I checked the memory consumption in VisualVm, but the memory consumption never goes more than about 700MB.My flink pipeline looks as follows:
final StreamExecutionEnvironment environment = StreamExecutionEnvironment.createLocalEnvironment(1);
environment.setParallelism(1);
DataStream<Tuple> stream = environment.addSource(new TPCHQuery3Source(filePaths, relations));
stream.process(new TPCHQuery3Process(relations)).addSink(new FDSSink());
environment.execute("FlinkDataService");
Where the bulk of the work is done in the process function, I am implementing data base join algorithms and the columns are stored as Strings, specifically I am implementing query 3 of the TPCH benchmark, check here if you wish https://examples.citusdata.com/tpch_queries.html.
The timeout error is this:
java.util.concurrent.TimeoutException: Heartbeat of TaskManager with id <id> timed out.
Once I got this error as well:
Exception in thread "pool-1-thread-1" java.lang.OutOfMemoryError: Java heap space
Also, my VisualVM monitoring, screenshot is captured at the point where things get very slow:
Here is the run loop of my source function:
while (run) {
readers.forEach(reader -> {
try {
String line = reader.readLine();
if (line != null) {
Tuple tuple = lineToTuple(line, counter.get() % filePaths.size());
if (tuple != null && isValidTuple(tuple)) {
sourceContext.collect(tuple);
}
} else {
closedReaders.add(reader);
if (closedReaders.size() == filePaths.size()) {
System.out.println("ALL FILES HAVE BEEN STREAMED");
cancel();
}
}
counter.getAndIncrement();
} catch (IOException e) {
e.printStackTrace();
}
});
}
I basically read a line of each of the 3 files I need, based on the order of the files, I construct a tuple object which is my custom class called tuple representing a row in a table, and emit that tuple if it is valid i.e. fullfils certain conditions on the date.
I am also suggesting the JVM to do garbage collection at the 1 millionth, 1.5millionth, 2 millionth and 2.5 millionth record like this:
System.gc()
Any thoughts on how I can optimize this?
String intern() saved me.
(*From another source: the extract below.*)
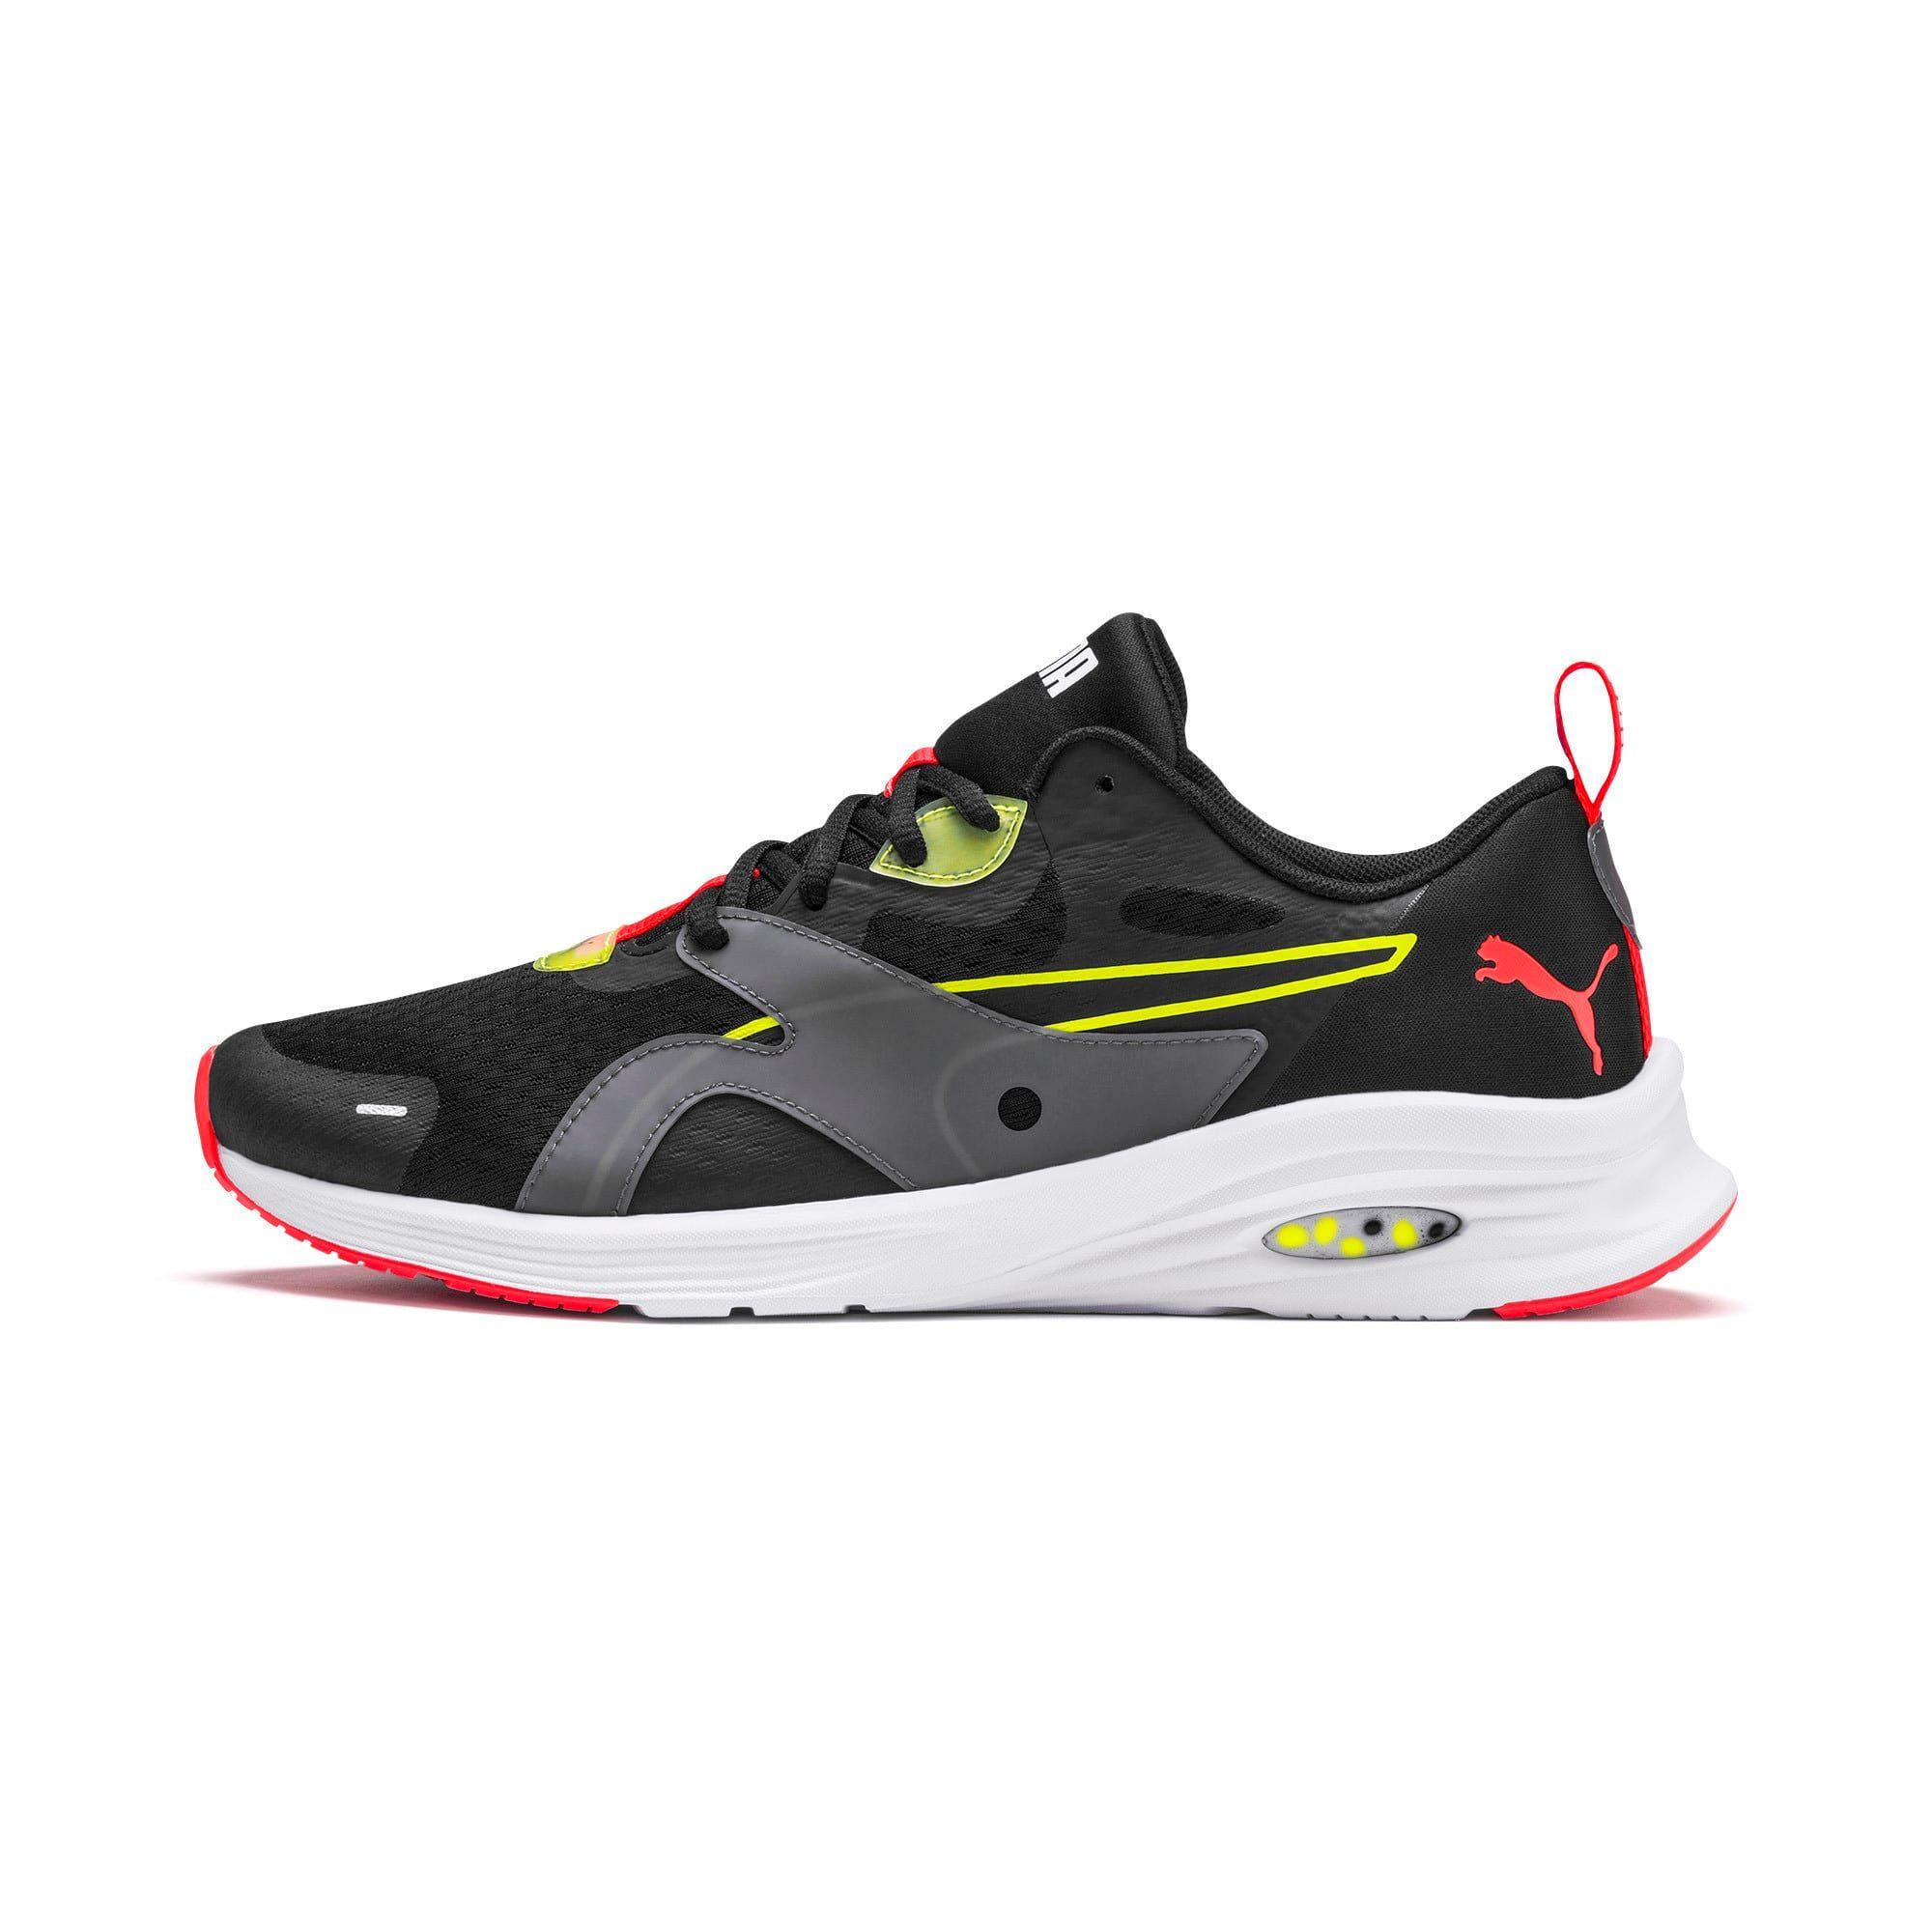 PUMA Hybrid Fuego Men's Running Shoes in Black/Yellow Alert size 10.5 #stylishmen

I did intern on every string before storing it in my maps and that worked like a charm.
these are the properties that I changed on my link stand-alone cluster to compute the TPC-H query 03.
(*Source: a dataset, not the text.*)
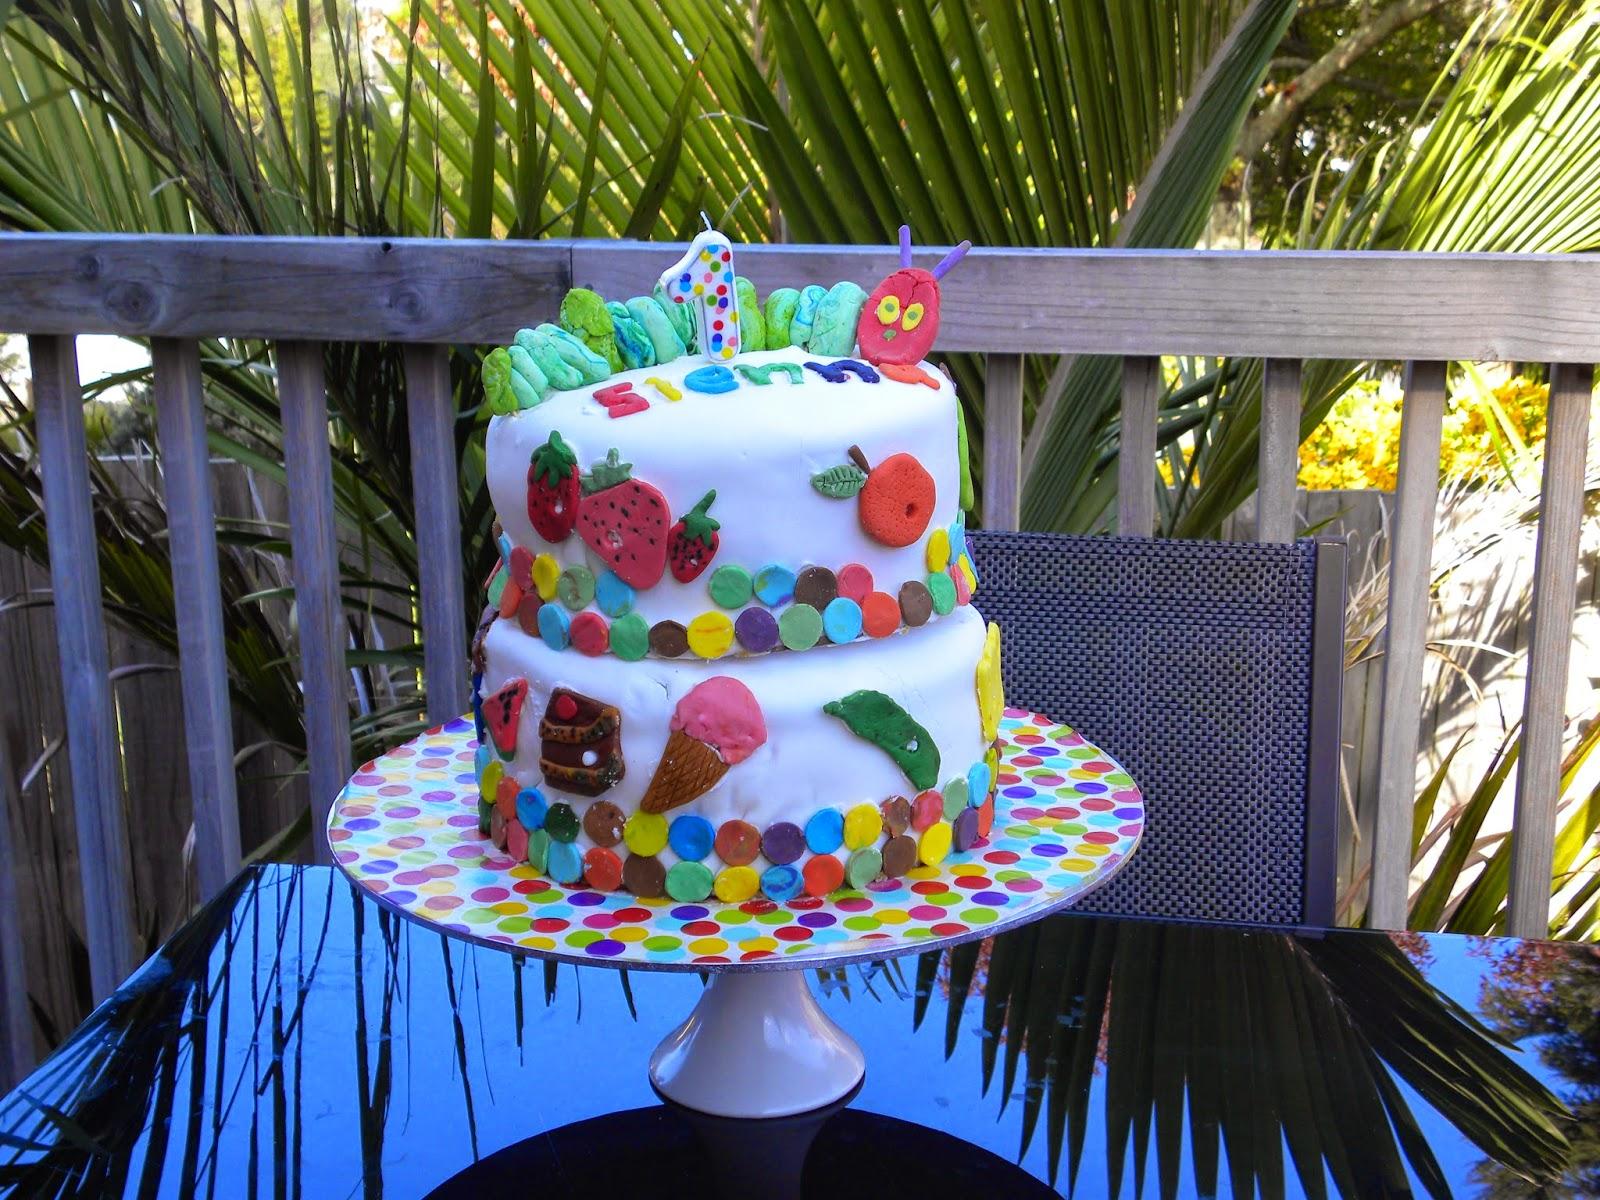 Ammis Kitchen The Very Hungry Caterpillar Birthday Cake

jobmanager.memory.process.size: 1600m
heartbeat.timeout: 100000
taskmanager.memory.process.size: 8g # defaul: 1728m
I implemented this query to stream only the Order table and I kept the other tables as a state. Also I am computing as a windowless query, which I think it makes more sense and it is faster.
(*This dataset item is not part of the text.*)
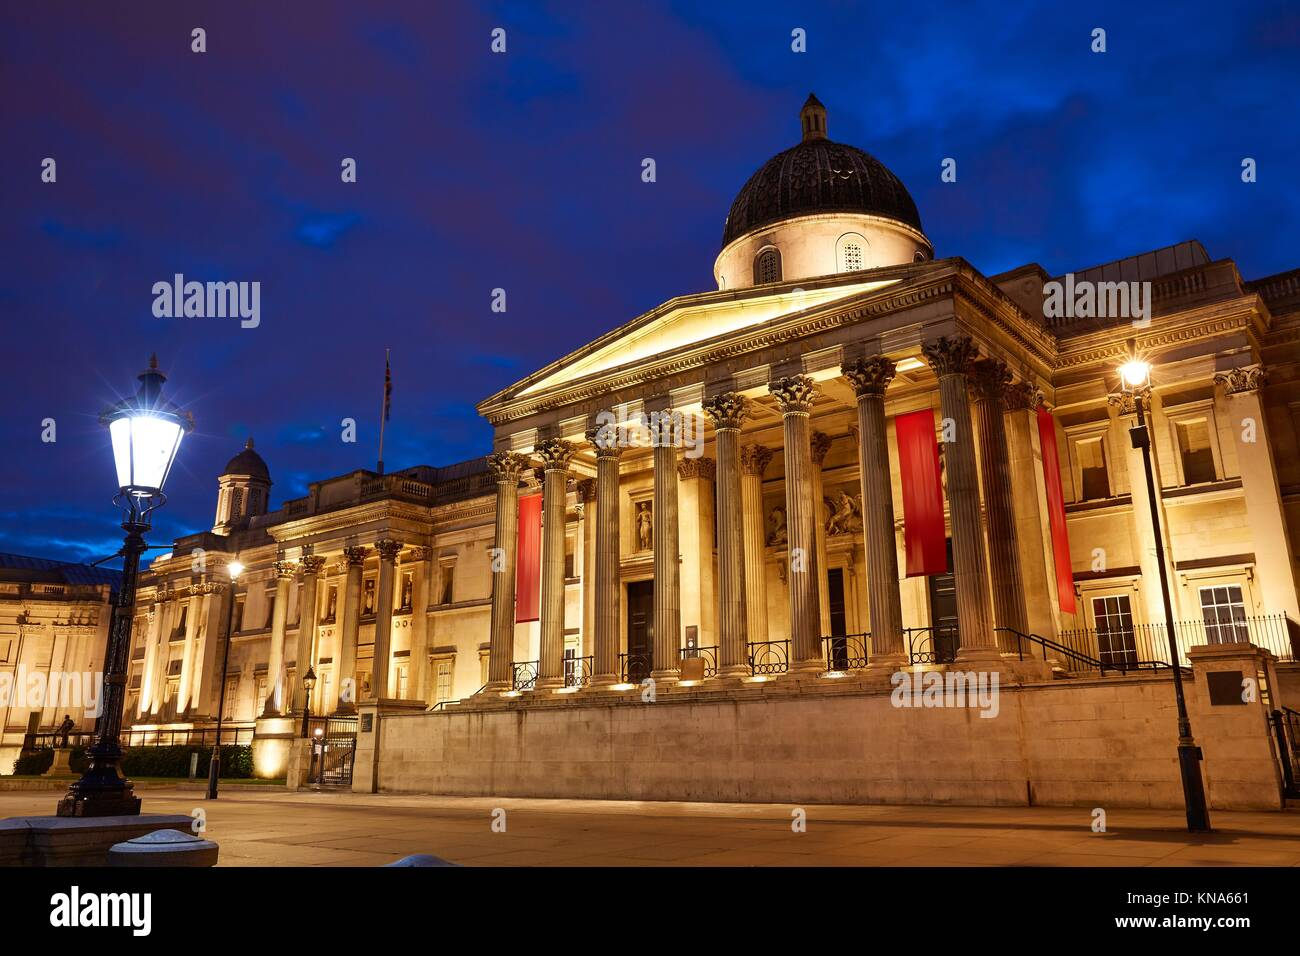 London National Galelery in Trafalgar Square at sunset England. - Stock Image

public class TPCHQuery03 {
private final String topic = "topic-tpch-query-03";
public TPCHQuery03() {
this(PARAMETER_OUTPUT_LOG, "127.0.0.1", false, false, -1);
}
public TPCHQuery03(String output, String ipAddressSink, boolean disableOperatorChaining, boolean pinningPolicy, long maxCount) {
try {
StreamExecutionEnvironment env = StreamExecutionEnvironment.getExecutionEnvironment();
env.setStreamTimeCharacteristic(TimeCharacteristic.ProcessingTime);
if (disableOperatorChaining) {
env.disableOperatorChaining();
}
DataStream<Order> orders = env
.addSource(new OrdersSource(maxCount)).name(OrdersSource.class.getSimpleName()).uid(OrdersSource.class.getSimpleName());
// Filter market segment "AUTOMOBILE"
// customers = customers.filter(new CustomerFilter());
// Filter all Orders with o_orderdate < 12.03.1995
DataStream<Order> ordersFiltered = orders
.filter(new OrderDateFilter("1995-03-12")).name(OrderDateFilter.class.getSimpleName()).uid(OrderDateFilter.class.getSimpleName());
// Join customers with orders and package them into a ShippingPriorityItem
DataStream<ShippingPriorityItem> customerWithOrders = ordersFiltered
.keyBy(new OrderKeySelector())
.process(new OrderKeyedByCustomerProcessFunction(pinningPolicy)).name(OrderKeyedByCustomerProcessFunction.class.getSimpleName()).uid(OrderKeyedByCustomerProcessFunction.class.getSimpleName());
// Join the last join result with Lineitems
DataStream<ShippingPriorityItem> result = customerWithOrders
.keyBy(new ShippingPriorityOrderKeySelector())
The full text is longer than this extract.